A week after Jack's fifth birthday, Ma learns that Old Nick has been unemployed for the past six months and is at risk of losing his home to foreclosure. Fearing that Old Nick will kill them both before freeing them, Ma comes up with a plan to convince Old Nick that Jack is deathly ill. Jack, initially unable to conceptualize being outside of Room or interacting with other people, eventually agrees. When Old Nick refuses to take Jack to a hospital, Ma wraps Jack in a rug and claims he has died. Old Nick falls for the ruse and takes Jack outside; Jack escapes and manages to reach a stranger, who contacts the police. In spite of his inability to communicate effectively, Jack describes the route to Room to an officer to free Ma.

The two are taken to a mental hospital, where they receive medical evaluations and a temporary home. Old Nick is found and faces numerous charges of abduction, rape, and child endangerment. While in the hospital, Ma is reunited with her family, learning that her parents have divorced and her brother now has a family of his own. Ma begins to relearn how to interact with the larger world, while an overwhelmed Jack yearns to return to the safety of Room. Ma's father refuses to accept Jack as his grandson. Jack also learns that before he was born, Ma gave birth to a stillborn daughter.

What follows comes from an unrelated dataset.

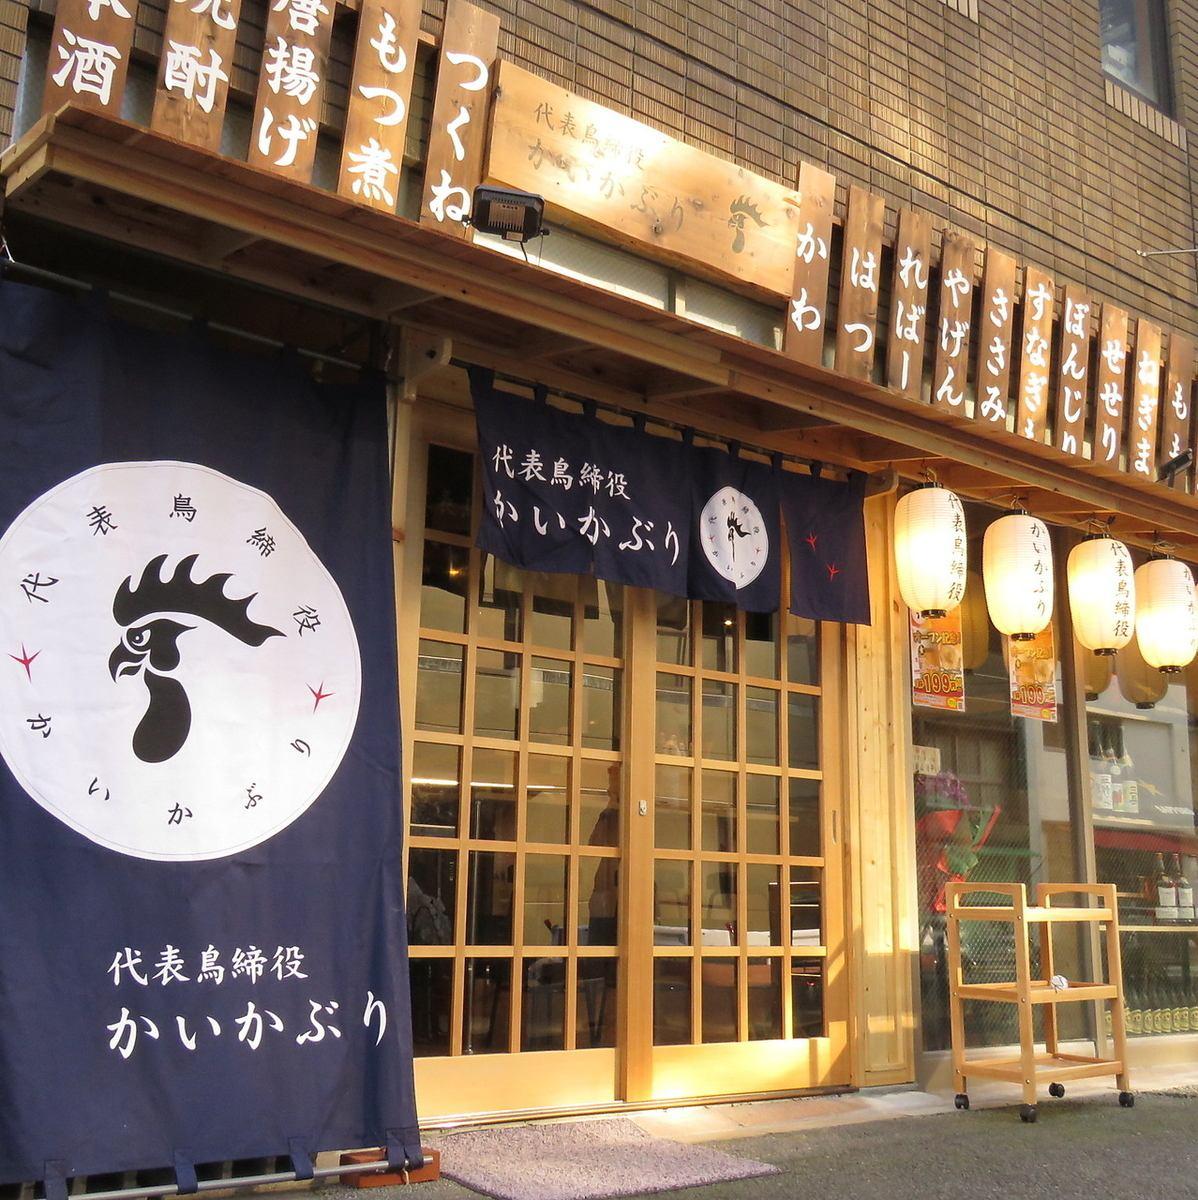 October 29 NEW OPEN! If you eat yakitori at Akihabara

Meanwhile, Jack and Ma's case attracts significant mass media attention, making it harder for them to start leading a normal life. After a television interview ends badly, Ma suffers a mental breakdown and attempts suicide. While Ma is in the hospital, Jack goes to live with his grandmother and her new partner. Jack becomes increasingly frustrated with his extended family, who, while kind and loving, often fail to consider how his limited experience impacts his behavior.

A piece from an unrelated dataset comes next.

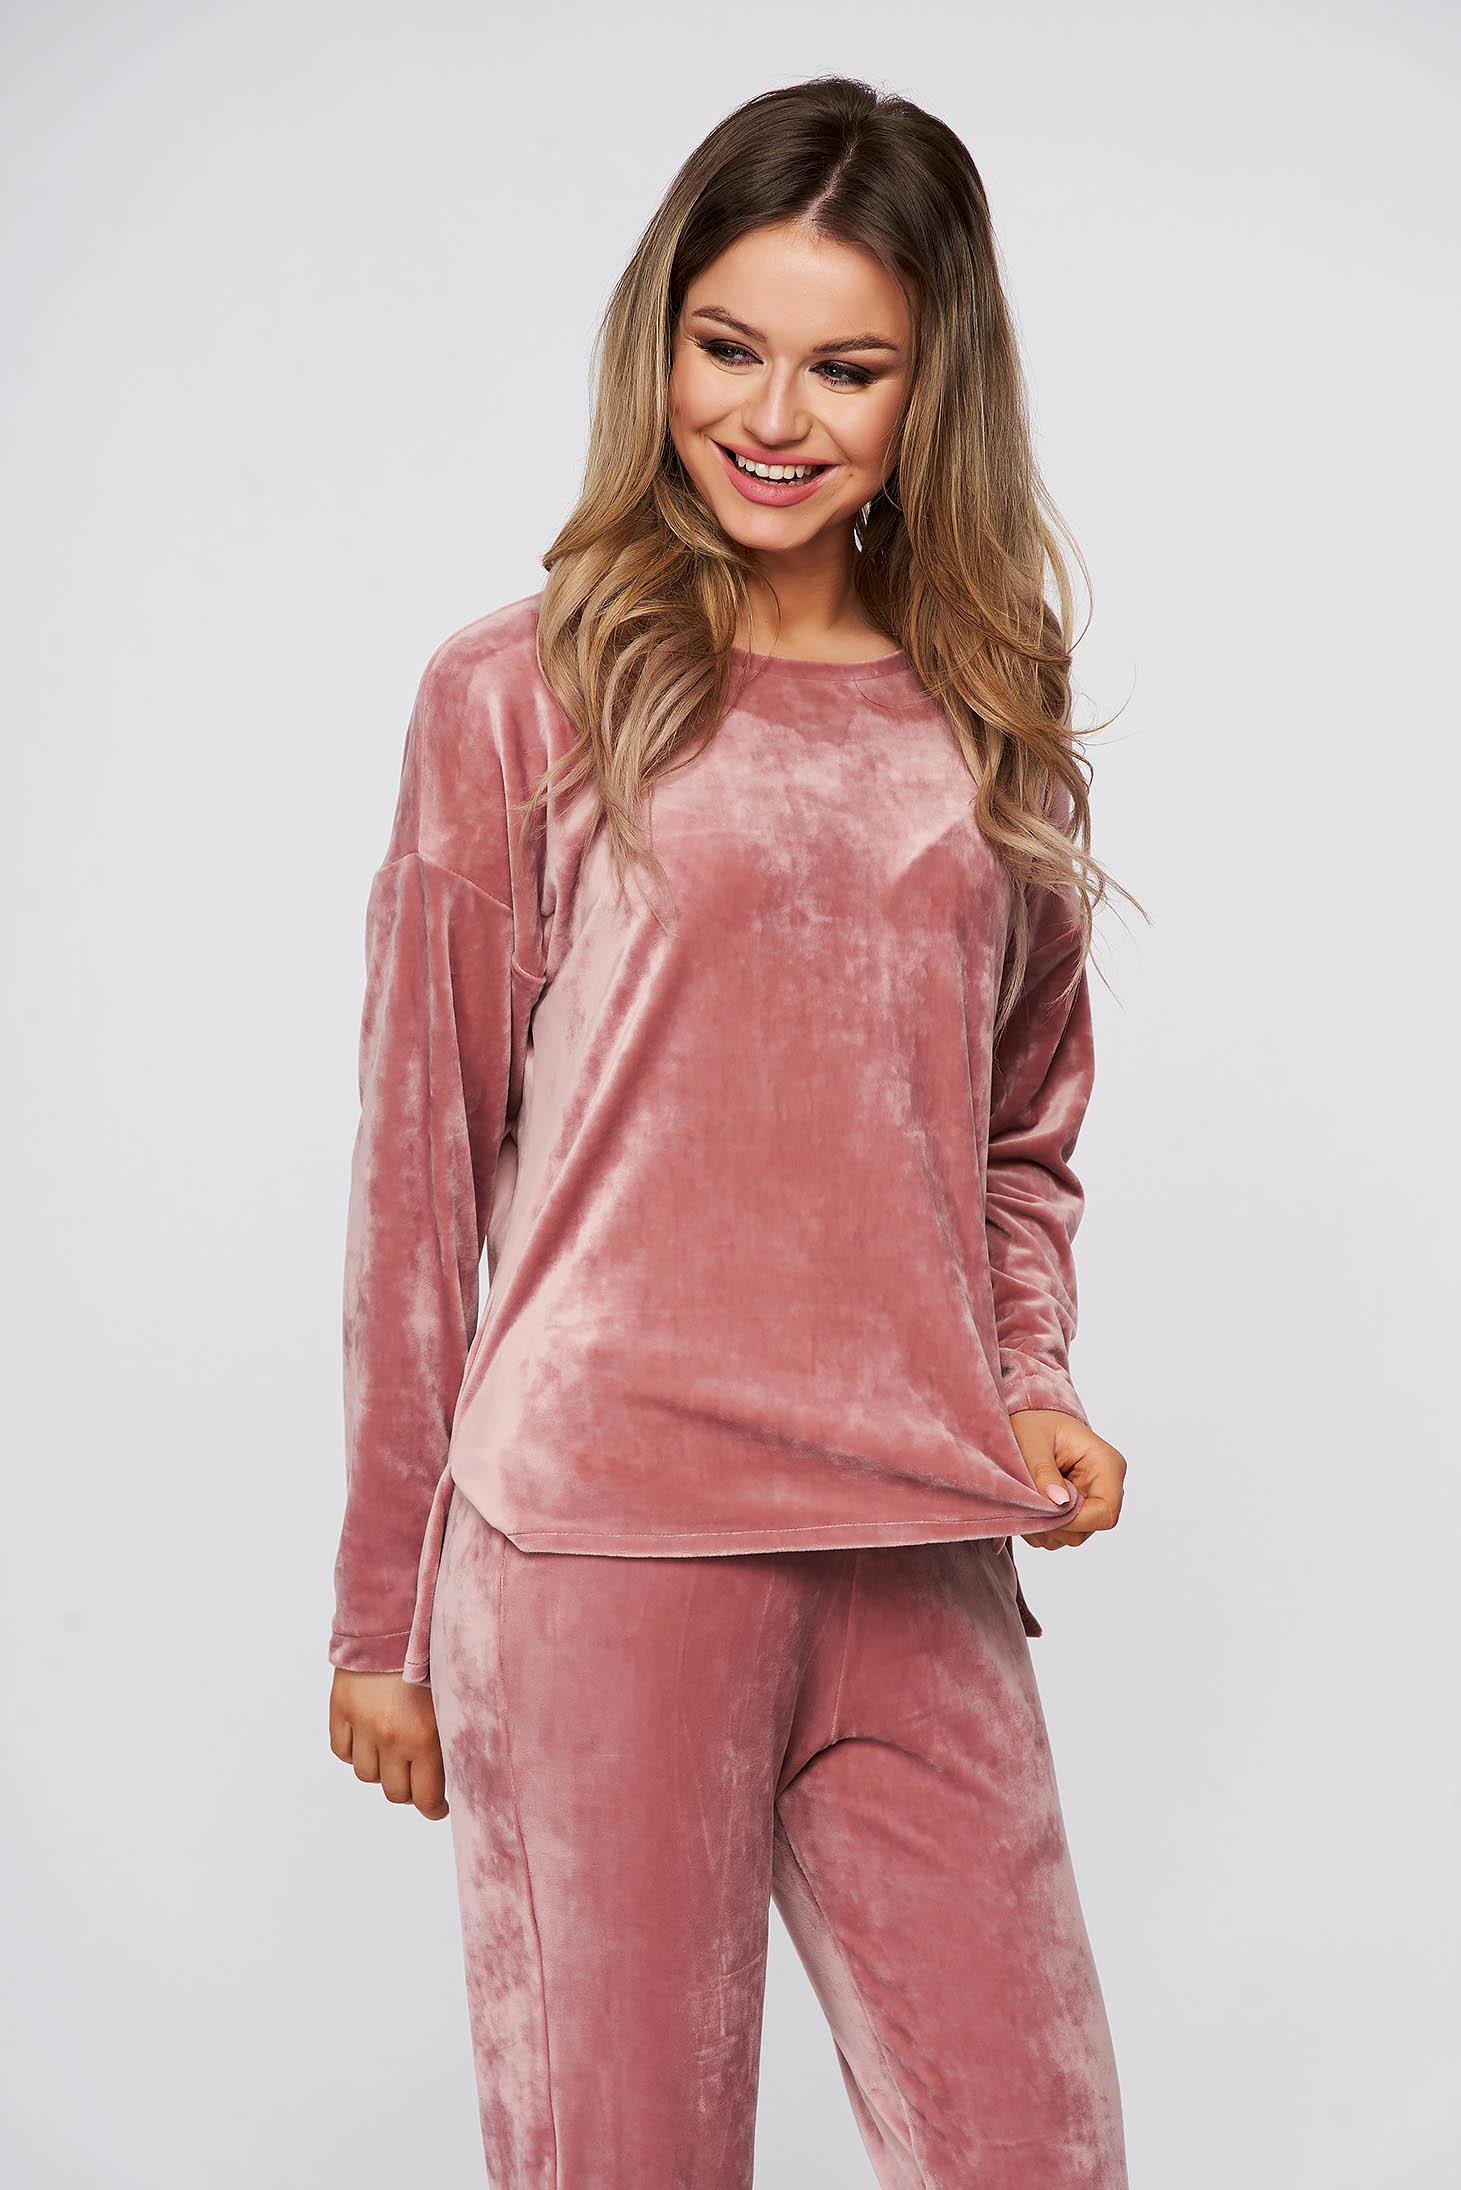 Trening StarShinerS roz prafuit din plus cu elastic in talie si bluza asimetrica

After Ma recovers, she and Jack move into independent living. Jack asks to visit Room one final time. Upon returning, Jack finds that he no longer feels any emotional attachment toward it, and says his goodbyes to Room before leaving.

==Awards and honours==

- New York Times bestseller (Fiction, 2010)
- Booker Prize, shortlist (2010)
- Rogers Writers' Trust Fiction Prize (2010)
- Indigo Books Heather's Pick (2010)
- New York Times Best Books of the Year (2010)
- New York Times Notable Book of the Year (Fiction & Poetry, 2010)
- Salon Book Award (Fiction, 2010)
- Governor General's Award shortlist (Fiction, 2010)
- Publishers Weekly Listen Up Award (Audio Book of the Year, 2010)
- Goodreads Choice Awards, Best Fiction (2010)
- Alex Award (2011)
- ALA Notable Book (2011)
- Hughes & Hughes Irish Novel of the Year, Irish Book Awards (2010)
- Commonwealth Writers' Prize (Canada and the Caribbean, 2011)
- Indies Choice Book Award (Adult Fiction, 2011)
- Orange Prize, shortlist (2011)
- WH Smith Paperback of the Year, Galaxy National Book Awards (2011)
- International Dublin Literary Award nomination (2012)

==Adaptations==

A film adaptation, directed by Lenny Abrahamson and written by Donoghue, was made in 2015. The film stars Brie Larson, Joan Allen, William H. Macy, Sean Bridgers, and Jacob Tremblay. It was shown in the Special Presentations section of the 2015 Toronto International Film Festival, after premiering at the Telluride Film Festival. The film began a limited release on October 16, 2015, and was released nationwide on November 6, 2015, by A24 Films. The film received widespread critical acclaim and won numerous awards. It received four nominations at the 88th Academy Awards including Best Picture, Best Director, Best Adapted Screenplay and winning Best Actress for Larson. Donoghue herself received honours for her adaptation of her novel, including Best Adapted Screenplay at the 4th Canadian Screen Awards and Best Scriptwriter at the 13th Irish Film & Television Awards.

Donoghue also wrote a stage adaptation. The play with music premiered 10 May 2017 at the Theatre Royal Stratford East to largely positive reviews.